At SDC 2023 and SDC 2024 we presented Homa, a reliable datacenter transport-layer protocol invented by John Ousterhout at Stanford University. We were able to demonstrate that Homa and TCP can co-exist in the same network “peacefully”, and how Homa can be accelerated by something similar to what Offload Engines do for TCP. 

Today, (almost) everybody’s eyes are on datacenter infrastructure and AI clusters because of the challenging Terabit line rates and the high volume numbers of network ports. Nevertheless, there are many other applications which can also benefit from Homa: 

So-called systems-of-systems such as zone-based automotive networks, telecommunication core networks, converged IT/OT networks in industrial automation, backbones in humanoid robots, or Sensor Open Systems Architectures in aerospace & defense need a reliable transport-layer protocol which minimizes tail latency and optimizes infrastructure efficiency to deliver bandwidths of 10 Gbps, and more.

Many of these systems require hard real-time behavior which - in theory - matches with Homa’s attributes of being a) message-based, b) connection-less, c) using receiver-driven congestion control, and d) run-to-completion (SRPT). Time Sensitive Networking (TSN) has become the de-facto choice using IEEE standard Ethernet. TSN comes with time-synchronization, traffic shaping, reliability and resource management and works well with higher-layer protocols such as TCP.

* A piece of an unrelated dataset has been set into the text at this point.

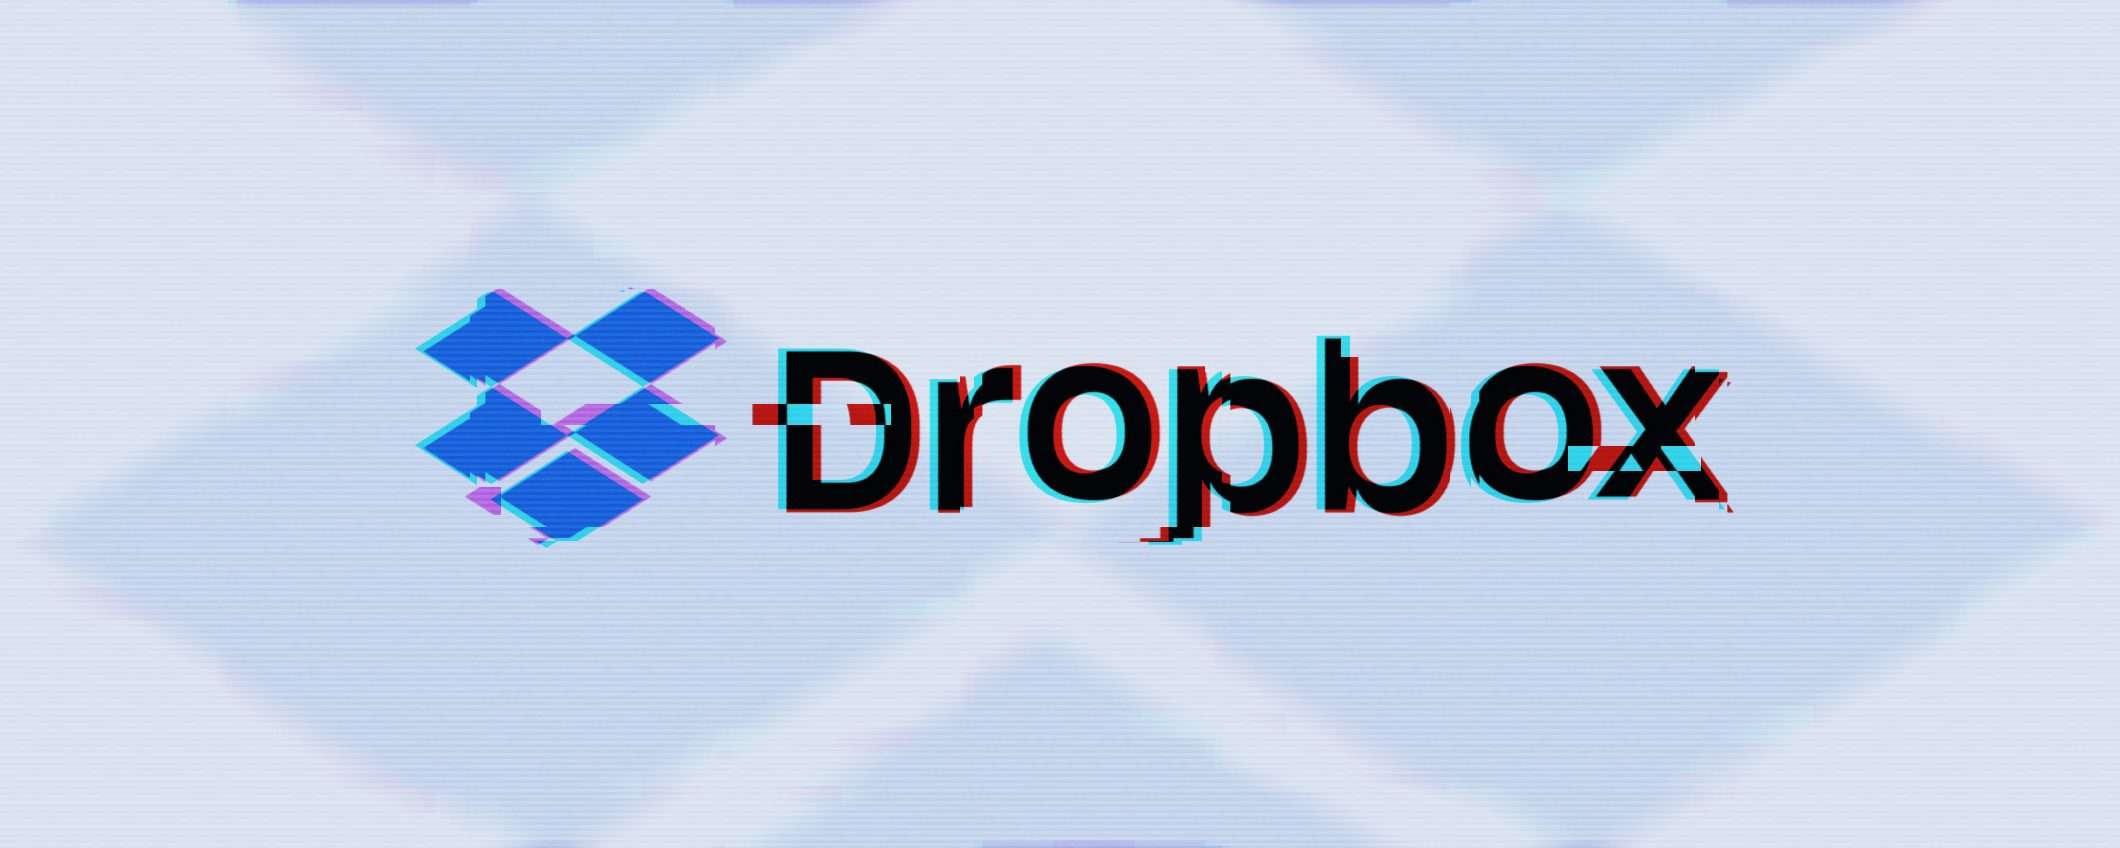 Dropbox, attacco phishing: cosa è successo
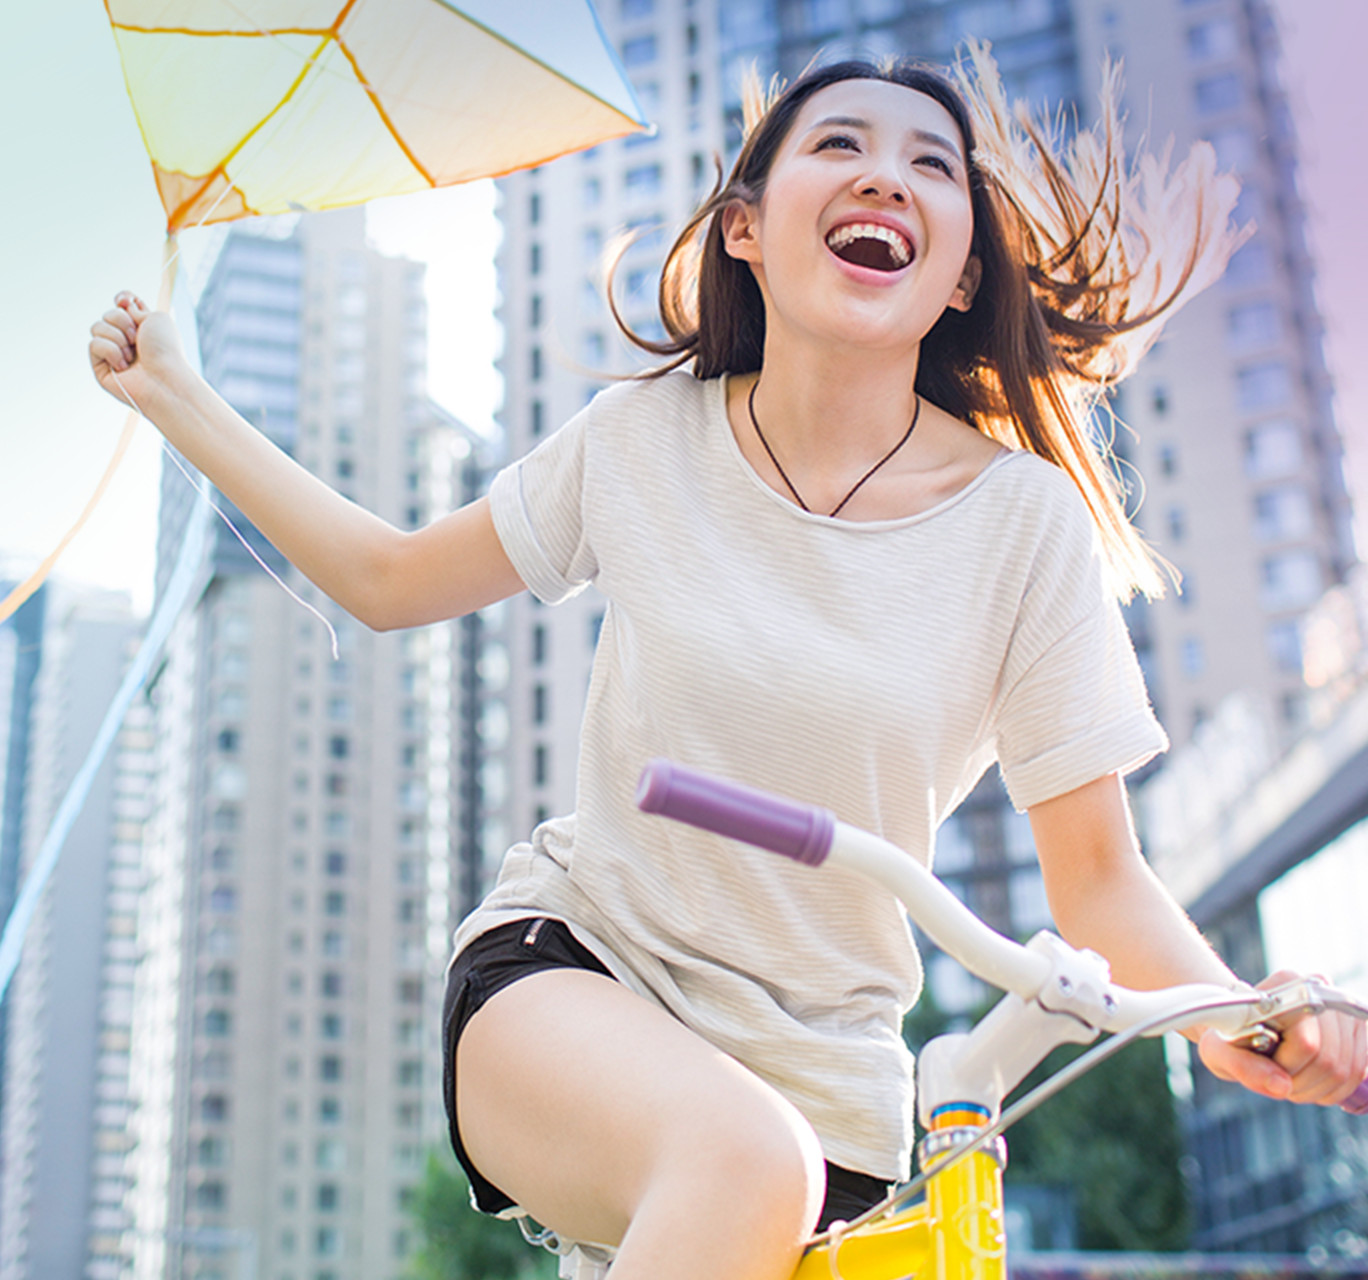 Jeune femme qui fait du vélo dans une grande ville en tenant un cerf-volant.

Hence, in our presentation this year we will share insights on how Homa can be run over TSN and, in particular, the effects of different forms of traffic shaping on Homa’s core functions. We plan to start with a refresher on Homa and then dive into architecture choices when running TSN and multiple Gbps. This is complemented by presenting “Light Rabbit” which is a cost-optimized variant of CERN's White Rabbit high-accuracy time synchronization which utilizes programmability of modern PLLs for frequency and phase synchronization to achieve nano-second accuracy. We close by presenting first experimental results of running Homa over TSN to achieve the best of both worlds.